Am I ever going to get stronger?

Been going to the gym regulary for 18 monts now. 4 or 5 times a week on avrage, sometimes every day for a couple of weeks, sometimes a few days off, and i really do put myself through hell. for a n hour or so.

No point in going just to stand around trying to look cool, as I’m not. I’m an old lump of lard anyway.

Do lots of hill walking too, albeit a bit slowly. (really hacks me off whan I get overtaken)

After all this time though, I can honestly say that I don’t really feel any stronger in the arms and legs.

Am I wasting my time and efforts, or would I possibly be even worse than 18 months ago if I hadn’t bothered making the effort?.

Thouroughly depreesed with my wretched lousy body.


All the questions you ask are impossible to answer (I think!)

However, life in general is not a competition. Comparing oneself to another is not helpful whether with illness or not. Do you need to achieve a goal? Is it really that essential? Cos if u dont reach it then it gives you opportunity to beat yourself up (mentally) and so the vicious circle begins… How about doing it just cos u enjoy it? Thats a good enough reason in my book! So what if you aint as ‘good’ as u used to be?

I know knitting and running up hills are in no way similar BUT several of my friends are much quicker than me-does that make me useless and a failure? I dont think so cos I am enjoying it.

Several bits of my body dont work at all-easy to think what I could do previously- but why dwell on the cants-I prefer to get on with the cans and with a smile on my face (despite the pain and the effort involved and all other negative stuff)

2 of my friends run up Ben Nevis cos they can. Does that annoy me cos theres no way I could even walk it-not at all! I am happy cos they are doing something they enjoy and brings them pleasure.

So-continue doing what you are if you enjoy it-if not then find somethng that you do like. Sounds too simple? Probably! But then us humans tend to complicate everything and feel that we have to justify what we do. I believe we dont!

Take care, Ellie x

Hi C J

You probably will not get stronger or put on muscle but keep on doing it, perhap twice a week. It keps you mobile; will not in anyway alter disease progression that is of course if your disease is going to progress; may never.

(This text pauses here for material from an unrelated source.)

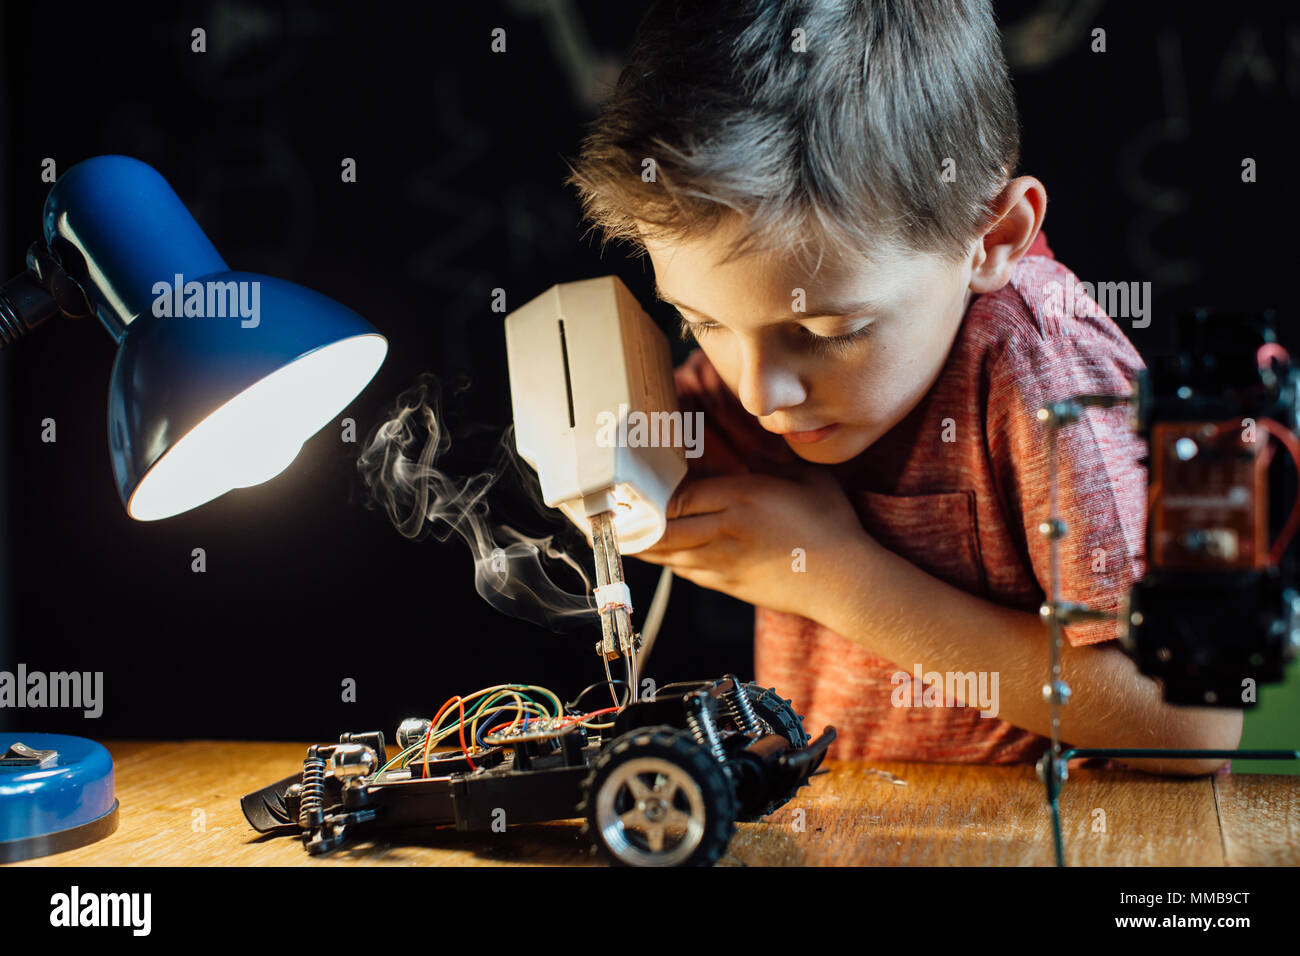 Portrait of a clever young school boy soldering metal parts of his toy car together. Focused child using a soldering gun with his school project. Stock Photo

I’m a pugalist but after 40 years I still do my Mr Motivator exercise routine every day from my wheelchair; makes me move; keeps me regular.

Good luck mate.


That’s depressed me saying that.

I’m doing it 'cus, yes, I do enjoy trying to keep a reasonable level of fitness, but also because I have this never ending fight going on to try and show this damned poxy illnes that it will NOT grind me down or beat me.

Absolutely terrified of becoming so disabled that I’ll end up like many unfortunate others do…Housebound and in a wheelchair.


I have no idea who ggood is but what he has said is the truth as he sees it. (I agree with him but you are upset) What he has said is done-the only difference between you and I re his words is how we have interpreted them…So its not the words that are the issue-but how we decide how we feel about them.

I understand what you say re fight etc and he wont beat you BUT from what I am picking up in your words then you never will beat it-let me explain-you dont have to believe a word I say either-just offering you a different way to look at this situation…

Personally I detest the term ‘fight’ for all the connotations that it brings. It implies that you (any person with any illness) can get rid of it. With MS and cancer and many others it can go into remission but I do believe that you cant just get rid of it by fighting it.

When you fight you use alot of energy. When you fight you are angry, ready for battle. A battle that has been lost by definition of diagnosis (in the sense that its now a part of you-you cant get rid of it-no matter how much you want to) So why would you fight yourself?

I understand this attitude initially-been there, done that, got the tshirt but what was I achieving by ‘fighting’? Stress, increased symptoms etc etc so I had to (for my own sanity and those around me!) find a different way of looking at the situation I have found myself in. I accept that I have a life changing incurable illness. I understand that I choose what to spend my precious energy on-and its def not fighting! Thats doesnt make me a soft touch-a wimp! Far from it!

Its up to YOU (reader of this post!)

Just a suggestion-you decide whats right for you.

Have a happy day!

Ellie x


The ‘he’ in the second paragraph should say 'it 'or MS!

E x

C.J. - don’t panic. Anything you can do to keep or increase muscle tone is good. If you do [as I have] have a bad relapse that muscle tone is what is going to get you going again.

Hopefully I can put your mind a wee bit more at rest…although many of us have spells when we have to use wheelchairs only 15% of people with MS are totally reliant on one.


PS - that George Goode has always been a scaremonger

That Sassenach has not the faintest what she is saying; never scare mongered in my life; always faced a problem head on. By the way thanks for giving my name out.

Elle is so right; she says it far better than I do.

Senator Durkin once wrote ‘don’t get angry; get even,’ don’t fight battles you can’t win. Soon medical science will be able to give you the tools to win, until then obey the restrictions your MS lay down. If you oppose them only you will suffer.